Trev it use to happen more regularly in my teens :lol:



kayakone said:


> Also, you're so lucky to find a lovely lady who likes to fish. :shock: .


Thanks Trev , I could be wrong but her son Mark Jnr. certainly resembles a old dude :? that is a member here. Short and stocky, smokes, has a one off personality that you can't help but to admire and Mark Jnr's favourite toy is a Match Box toy silver ute (hmm :lol: )












kayakone said:


> Didn't realize there were any that big these last few decades (the cod that is). There were reports from long, long ago of 40 kg ones).
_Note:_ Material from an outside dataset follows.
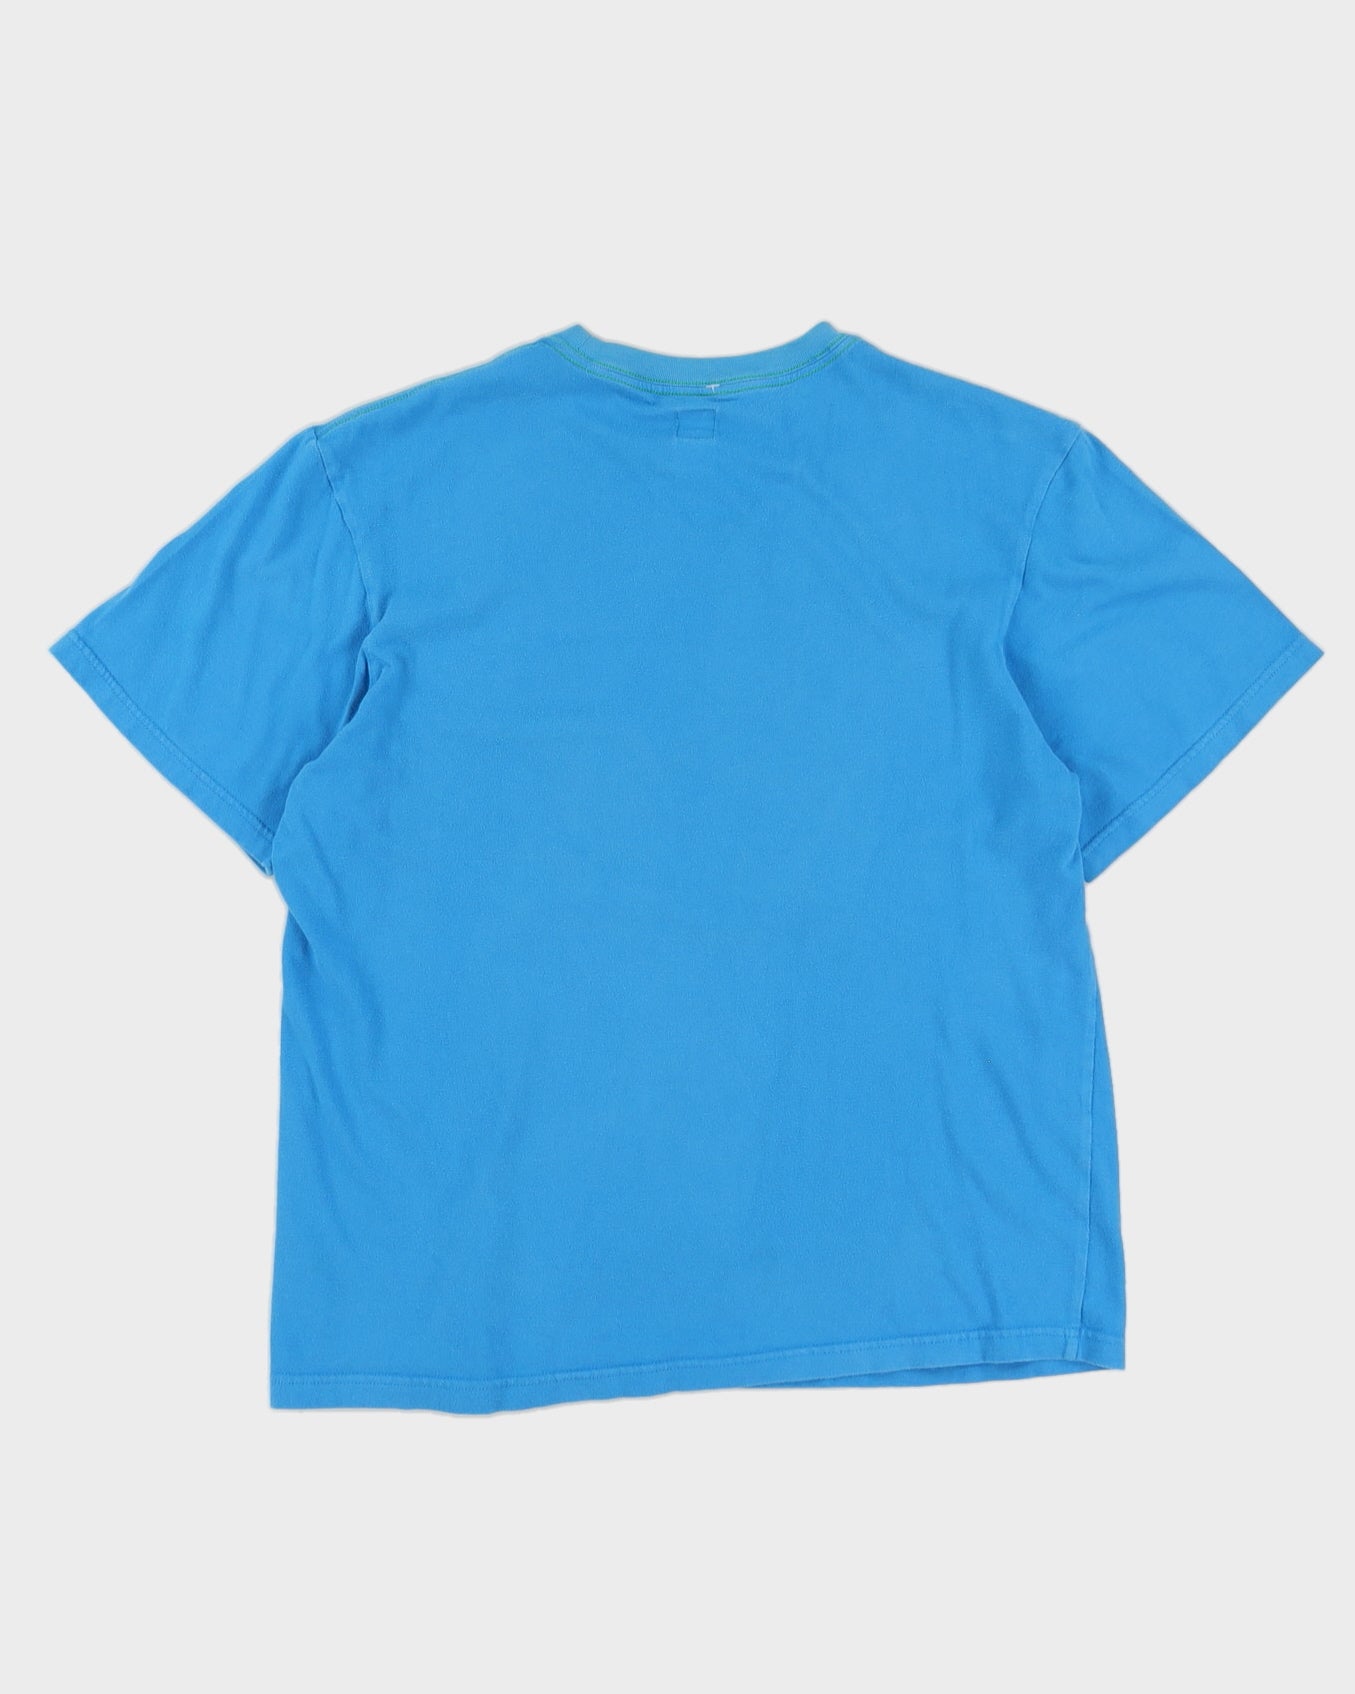 00s Y2K Adidas Blue Embroidered T-Shirt - L

My mates have caught a couple around the 20kg mark, from the Murray. I am hoping to take the yak and have ago before the season closes here in SA.



fishstix said:


> So i ask do you regularly restock these impoundments or do you supplement the feed in any way, or can a large body of water
> support such a big fish?


Peter that Cod would of been stocked in there over 20 years ago, as probably a 4 - 6 inch fish. All our dams purely rely on the health of the system to support what we stock, this particular dam also has huge catfish in it, there are also Redfin in there (not stocked by us and we never stock them, illegal, pest fish) but I suspect the Cod love eating them. This property would be 40 minutes from your place and has 5 dams on it and is our premier property, each dam is totally different and the largest one blows every new members mind away when they see how big it is, I believe it is over 7 acres :shock:

Steve


----------



## Zed (Sep 18, 2006)

Oink.


----------